Gemini is moving toward closing one of its biggest legal battles with the U.S. Securities and Exchange Commission (SEC). The dispute stems from the Gemini Earn incident in January 2023, when customer funds were frozen following the platform’s bankruptcy. Many investors were unable to access their assets, sparking a long legal fight.
According to a recent joint filing with U.S. District Judge Edgardo Ramos, Gemini and the SEC have reached “a resolution in principle” that would end the case, pending approval by the Commission. Both sides have asked for a December 15 deadline to submit final paperwork.
This resolution comes at a pivotal time for Gemini, which recently completed its IPO, raising $425 million and pushing its valuation to $3.3 billion. By settling with the SEC, the crypto exchange appears eager to resolve regulatory challenges while strengthening its position in the market.

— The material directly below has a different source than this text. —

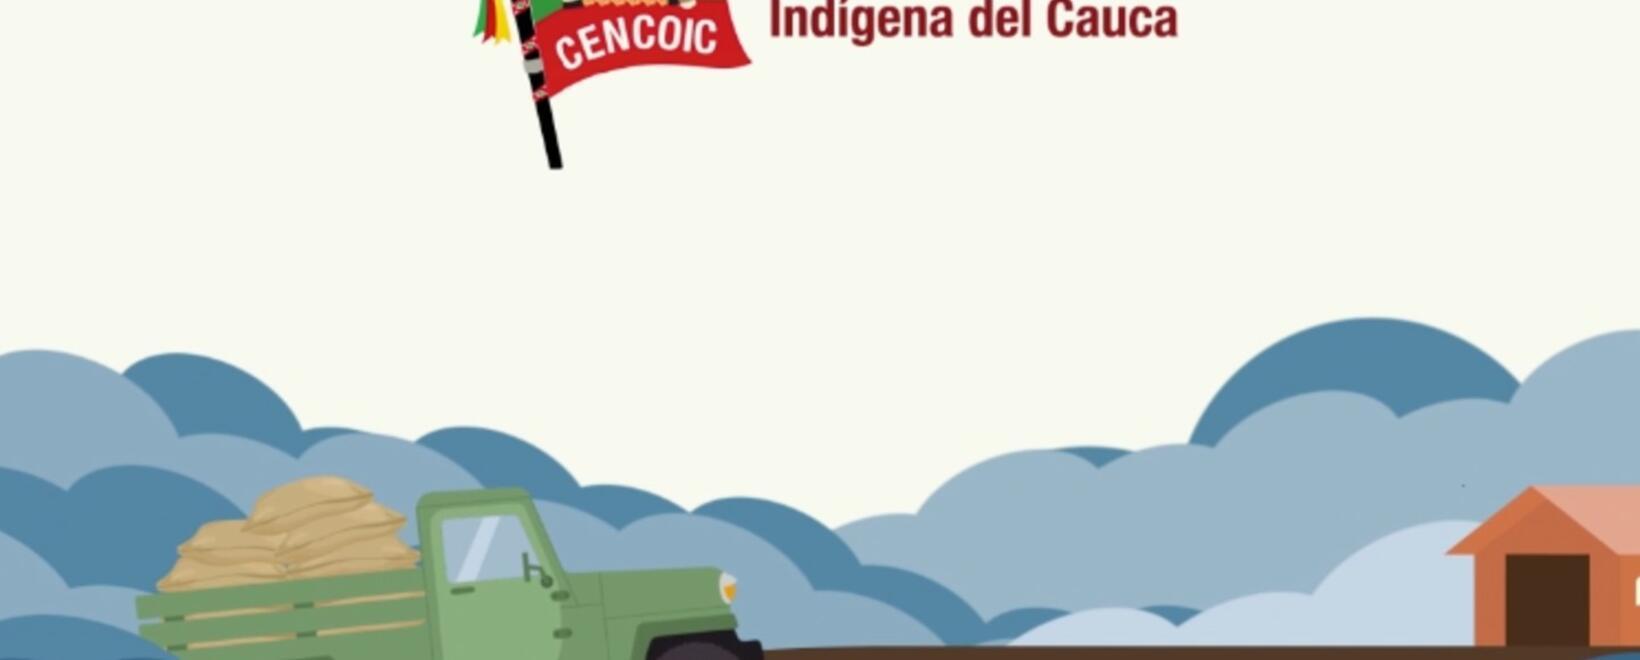 Conozca cómo son los procesos indígenas del Cauca.

However, the case isn’t entirely closed. Legal experts point out that similar disputes, such as Ripple’s battle with the SEC, lingered for months even after reaching preliminary agreements. Investors will likely watch closely to see if Gemini’s deal progresses smoothly.
The settlement also reflects a broader shift in U.S. crypto enforcement under President Trump’s administration. Federal agencies have been winding down several high-profile cases, including an earlier SEC investigation into Gemini. Co-founder Cameron Winklevoss has been vocal about frustrations with regulators, while reports suggest the twins have lobbied against certain federal appointments in the crypto space.
Although the new SEC agreement doesn’t directly tie to these political maneuvers, it underscores a trend: federal scrutiny of crypto firms appears to be softening. For Gemini, resolving the Earn dispute could mark a major step toward regaining customer trust and focusing on expansion in a rapidly evolving industry.